A similar effect is expected in Germany once the majority of the baby boomers retire. By 2030, it’s projected that five million more Germans will retire than there will be people entering the workforce.

According to calculations by Harvard economists Rainer Kotschy and David E. Bloom, this demographic shift is expected to reduce German economic growth by approximately 0.9 percent annually.

Given that Germany has experienced three years of recession and three years of growth below 0.9 percent in the past two decades, it is likely that there could be about six recession years in the same period in the future. In this case, approximately one-third of the years would be recession years, making growth almost unattainable.

India Set to Surpass Germany and Japan Soon

In addition to the demographic shift, Japan’s economic figures are also burdened by the weak exchange rate and significantly lower inflation compared to the rest of the world, as reported by “Handelsblatt”.

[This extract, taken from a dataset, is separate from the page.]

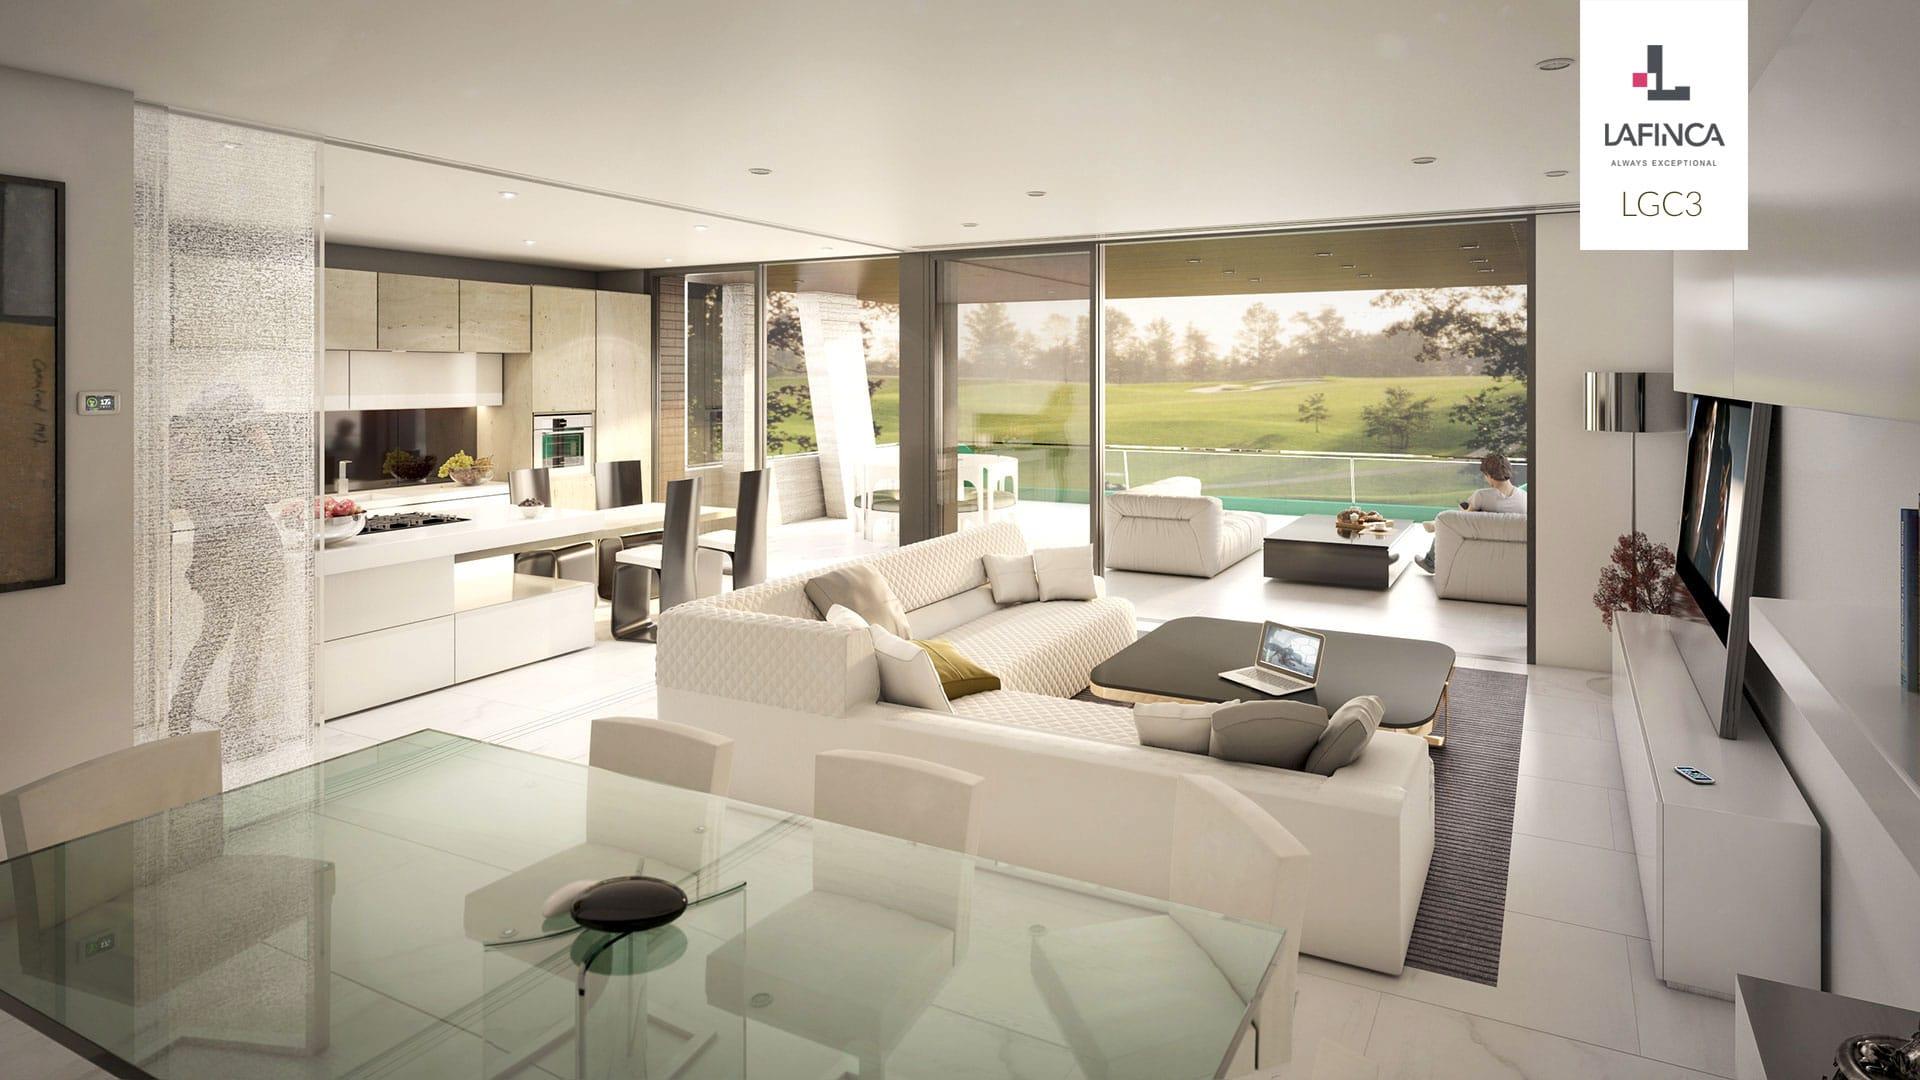 LAFINCA Residencial LGC3 - Salón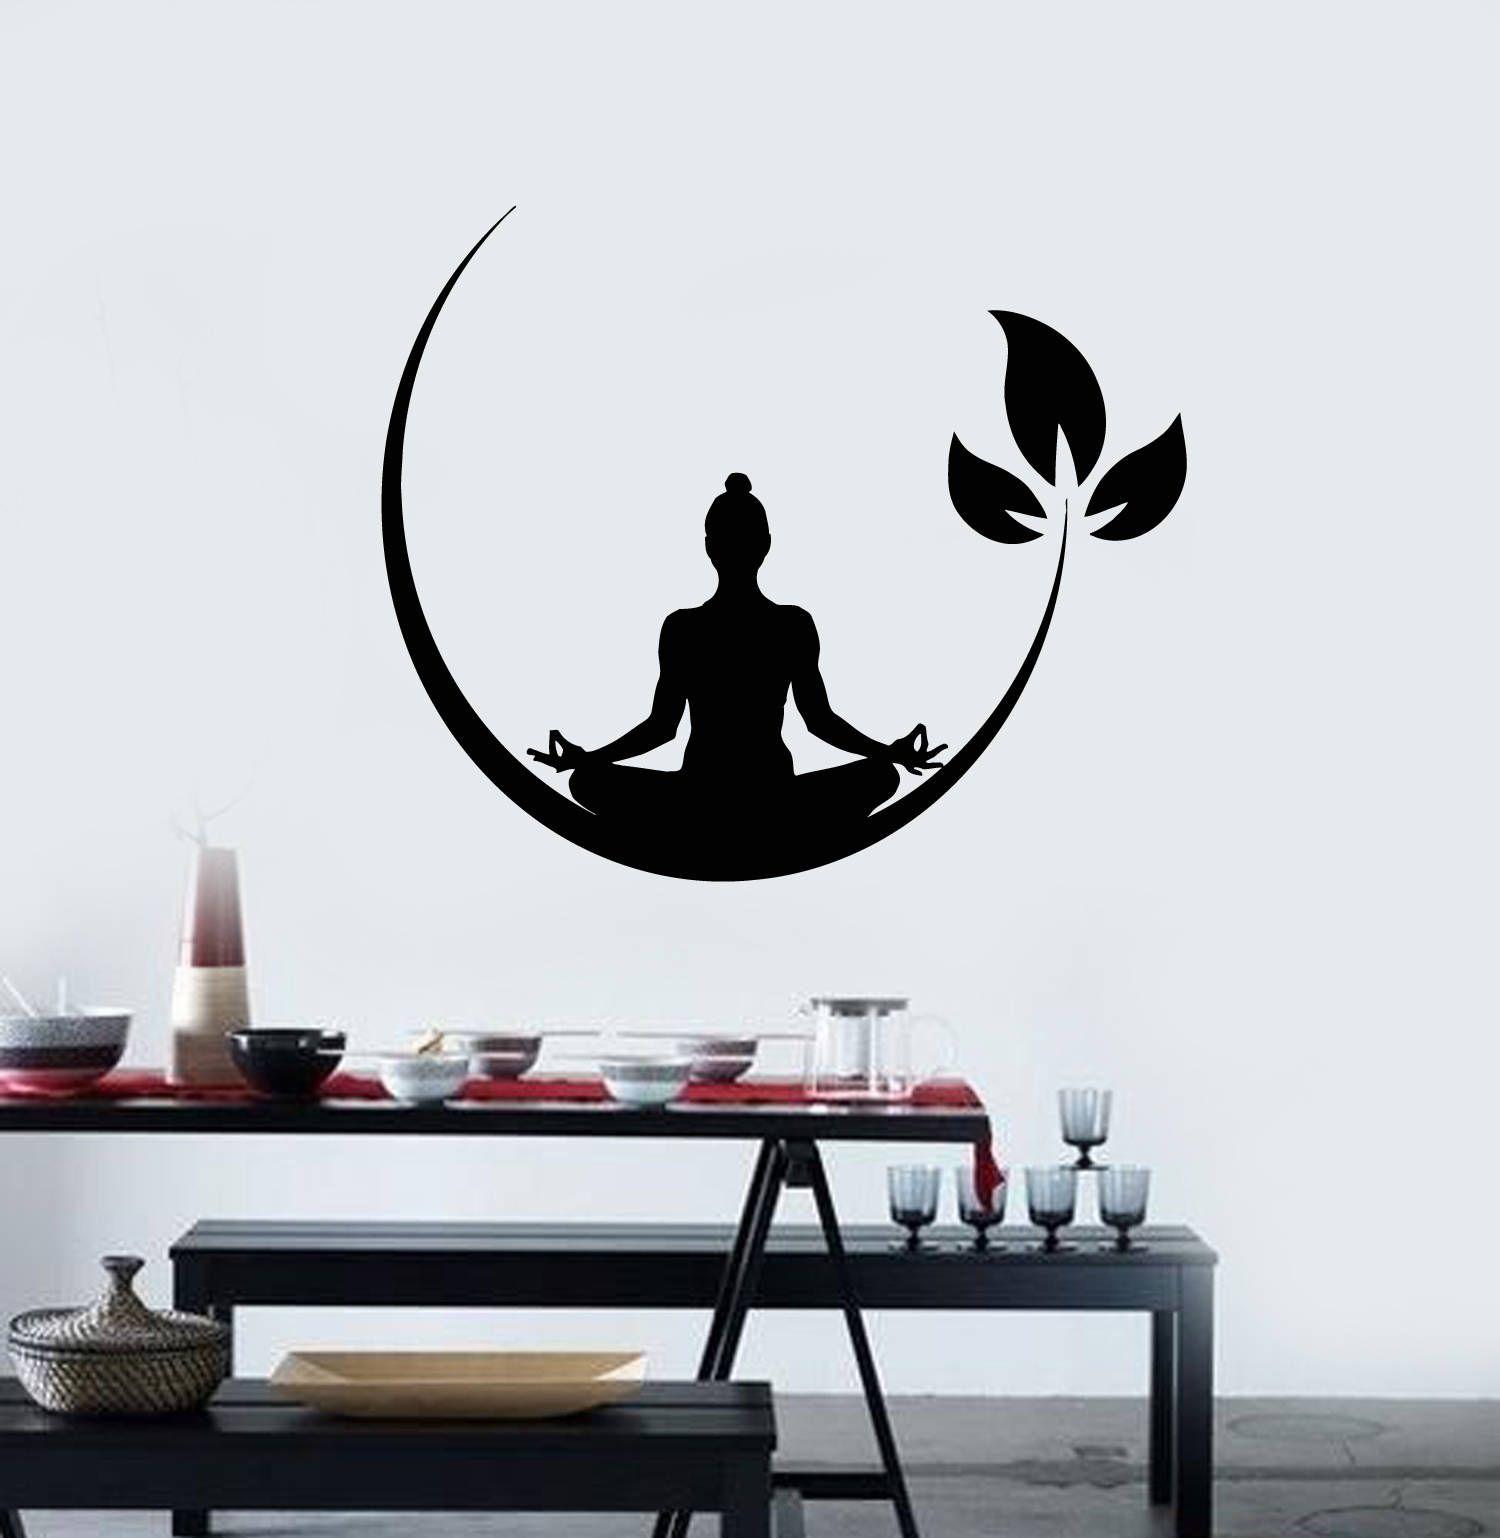 Vinyl Wall Decal Meditation Pose Buddhism Yoga Studio Stickers Etsy Simple Wall Paintings Buddha Wall Art Vinyl Wall Decals

Over the past twelve months, the euro has strengthened by more than seven percent against the dollar, resulting in a nominal growth of more than seven percent in Germany. To make national GDPs comparable, the IMF converts all GDPs into dollars, thus taking this effect into account.

Additionally, the inflation rate, which is currently significantly higher in the EU zone than in Japan, contributes to making Japan’s nominal economic power appear lower than it actually is. Nominally, Japan’s GDP is expected to be around 4.23 trillion US dollars this year, while Germany’s is projected to be around 4.42 trillion US dollars.

However, Japan’s real economy is also stuck in a chronic crisis. Since 2000, it has only grown by about ten percent. In the same period, the German economy, propelled by globalization and cheap energy from Russia, has grown by around 90 percent.

The most likely scenario is that soon neither Japan nor Germany will hold the third place in the world economy list. Demographically young India already has an economic power of approximately 3.73 trillion US dollars today and is growing at a pace that Japan and Germany can only dream of.